Copy out the full listing below as it stands, with its pictures left behind.

Data below:
=====
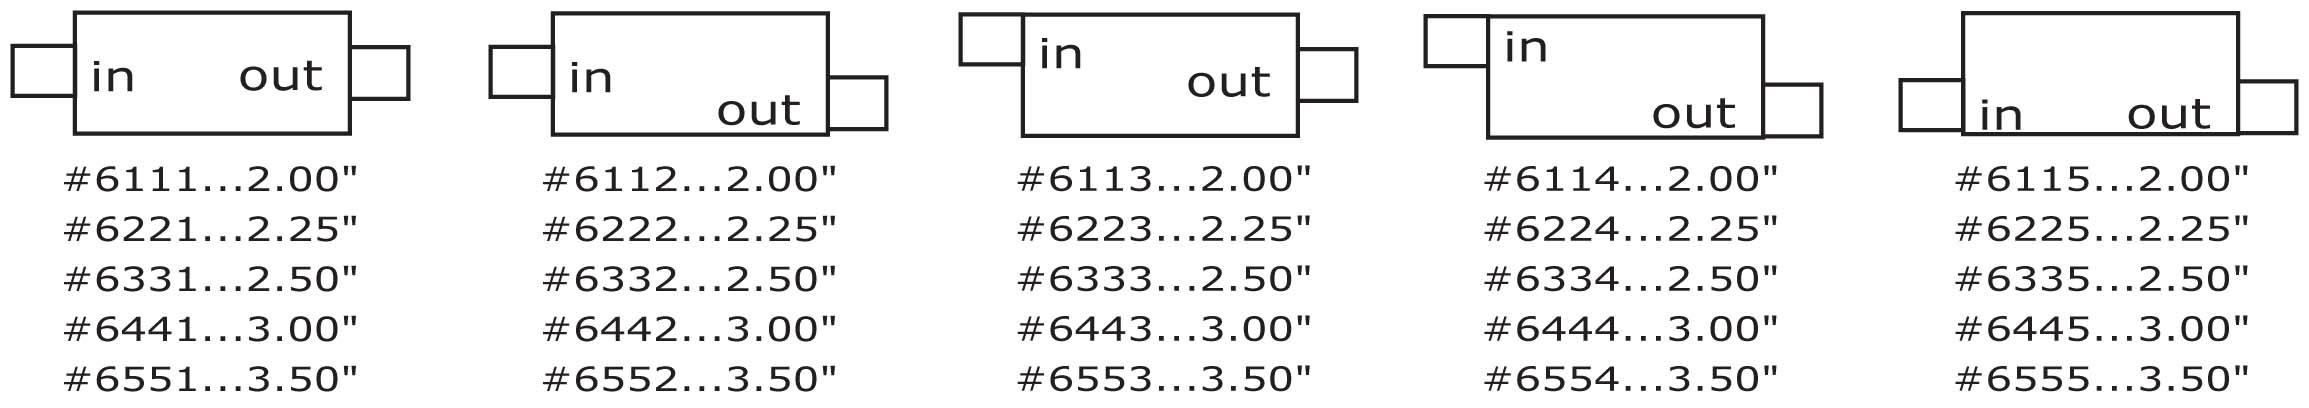 SpinTech 6000 Part# Chart
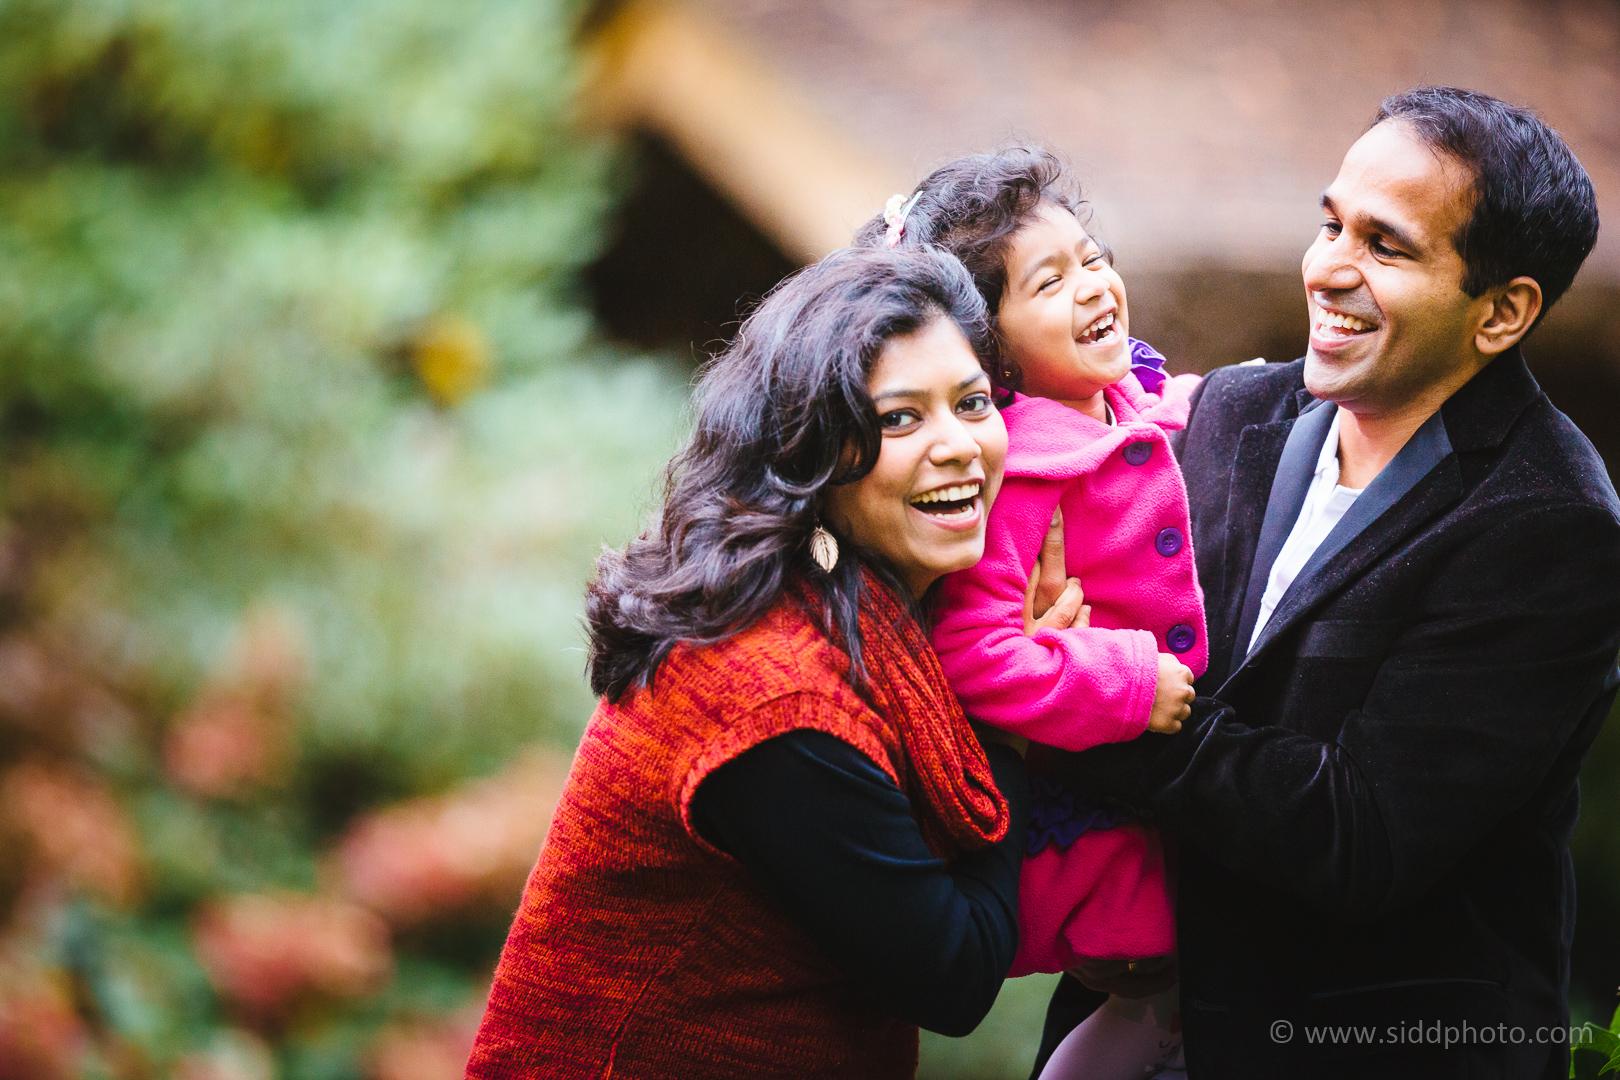 2014-10-24 - 2014-10-25 - Mugdha Aniruddha Family - _O5C7336
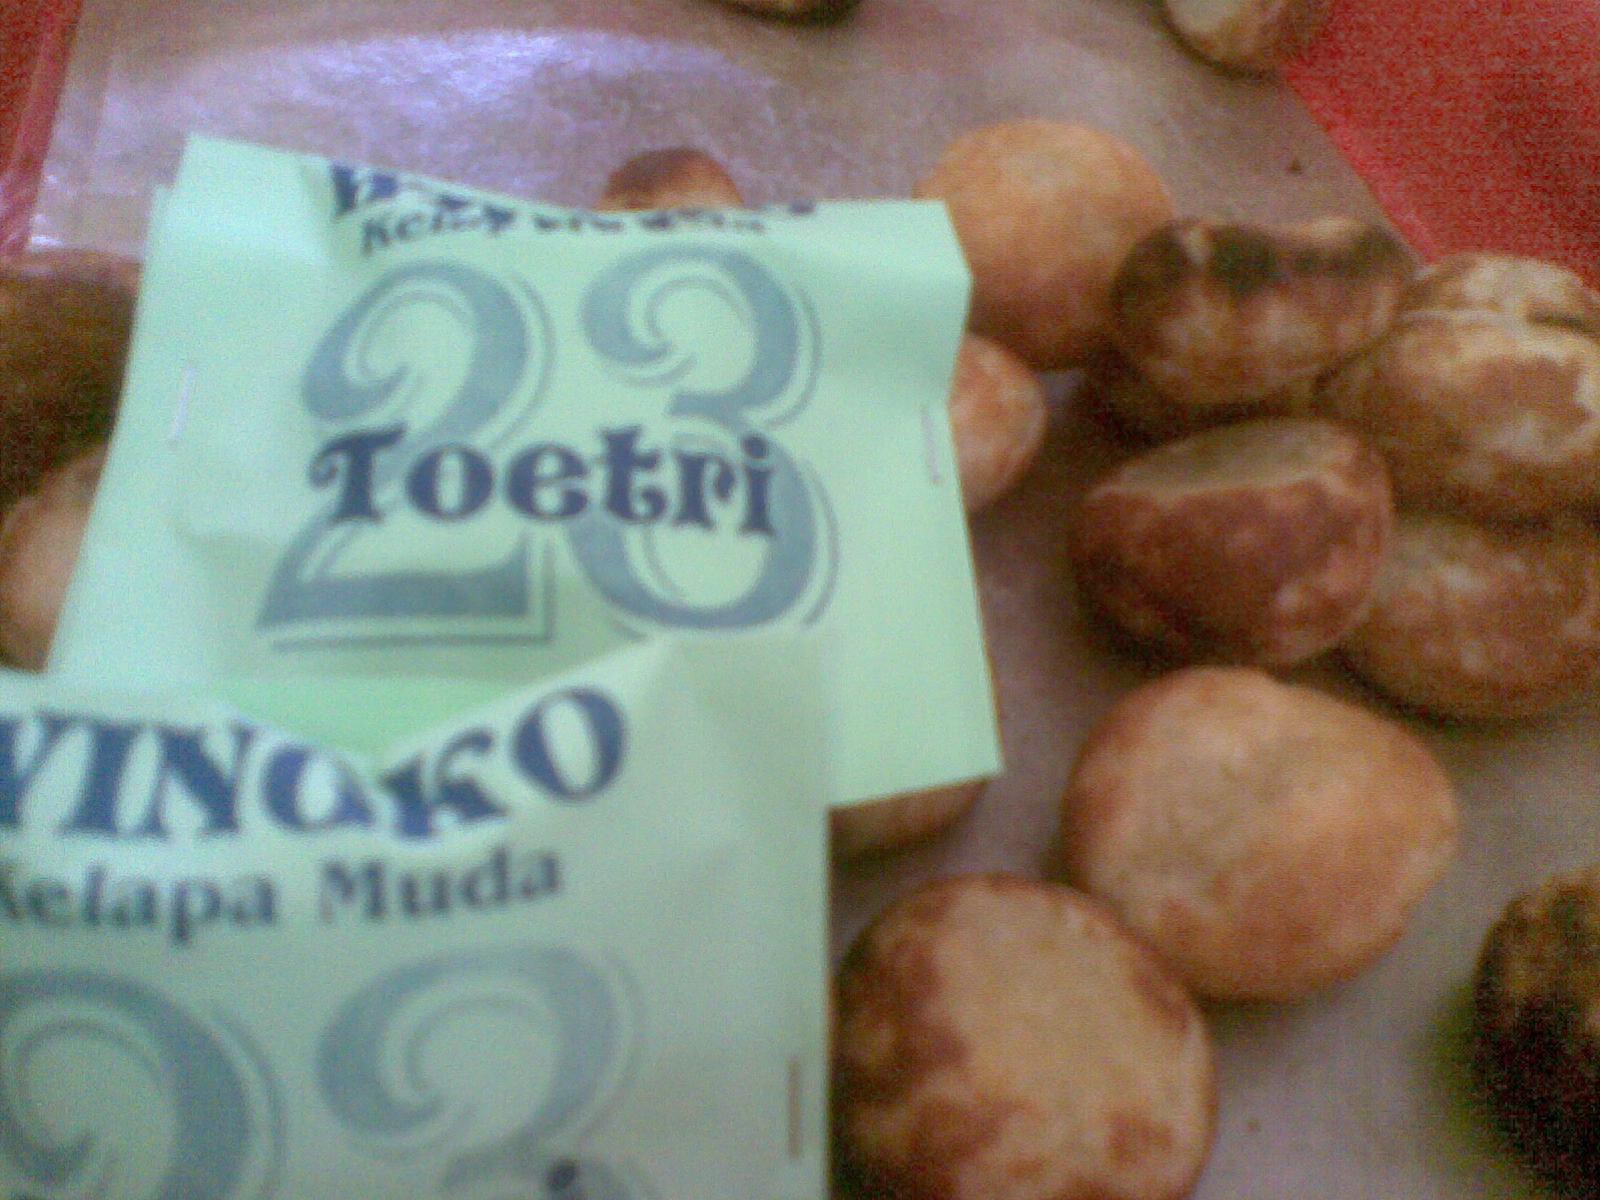 Wingko Toetri 23
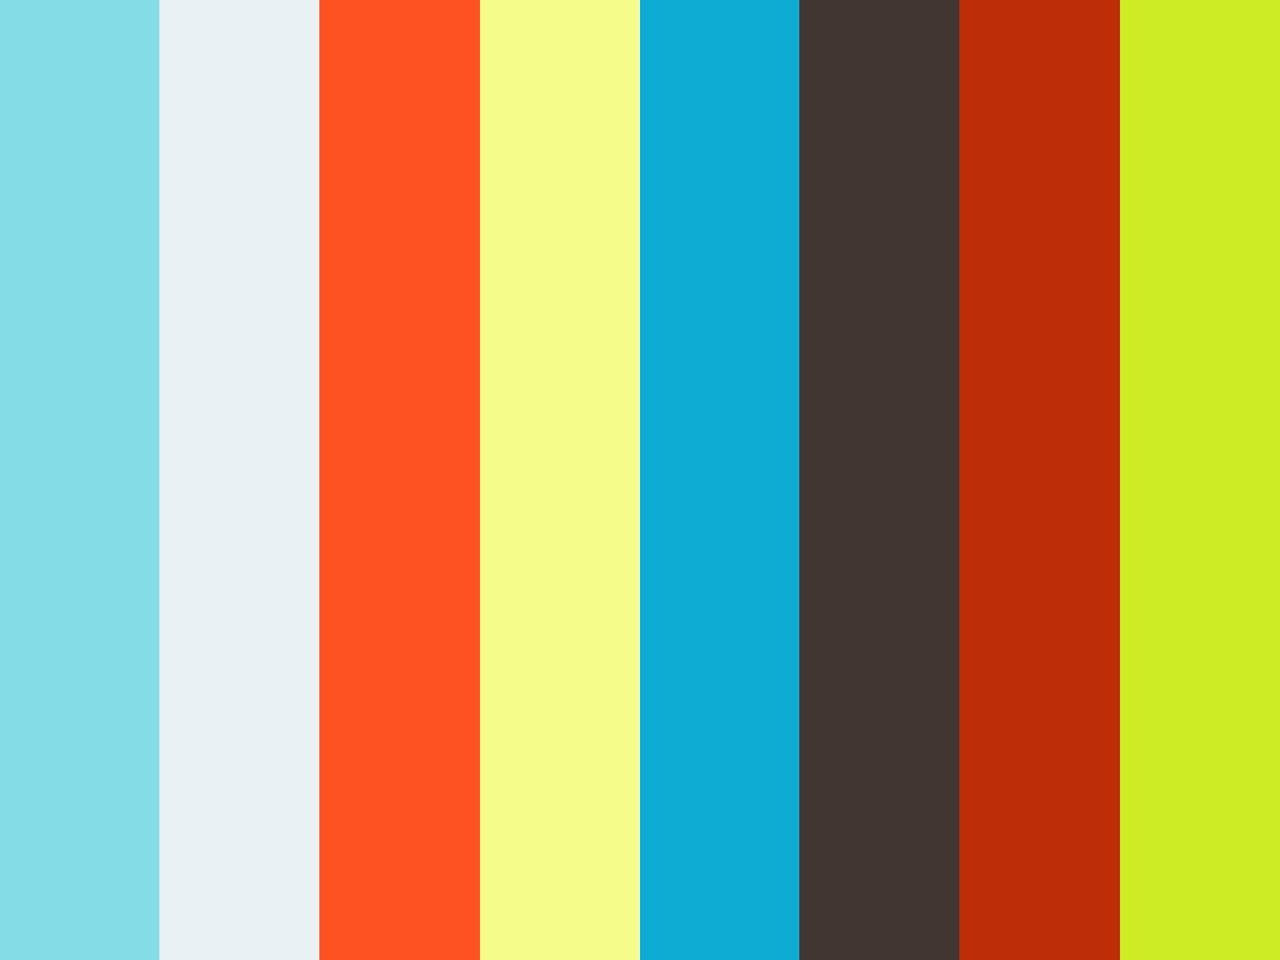 Consumer segmentation | Segment 02
=====
Solution for this task:
 SpinTech 6000 Part# Chart
 2014-10-24 - 2014-10-25 - Mugdha Aniruddha Family - _O5C7336
 Wingko Toetri 23
 Consumer segmentation | Segment 02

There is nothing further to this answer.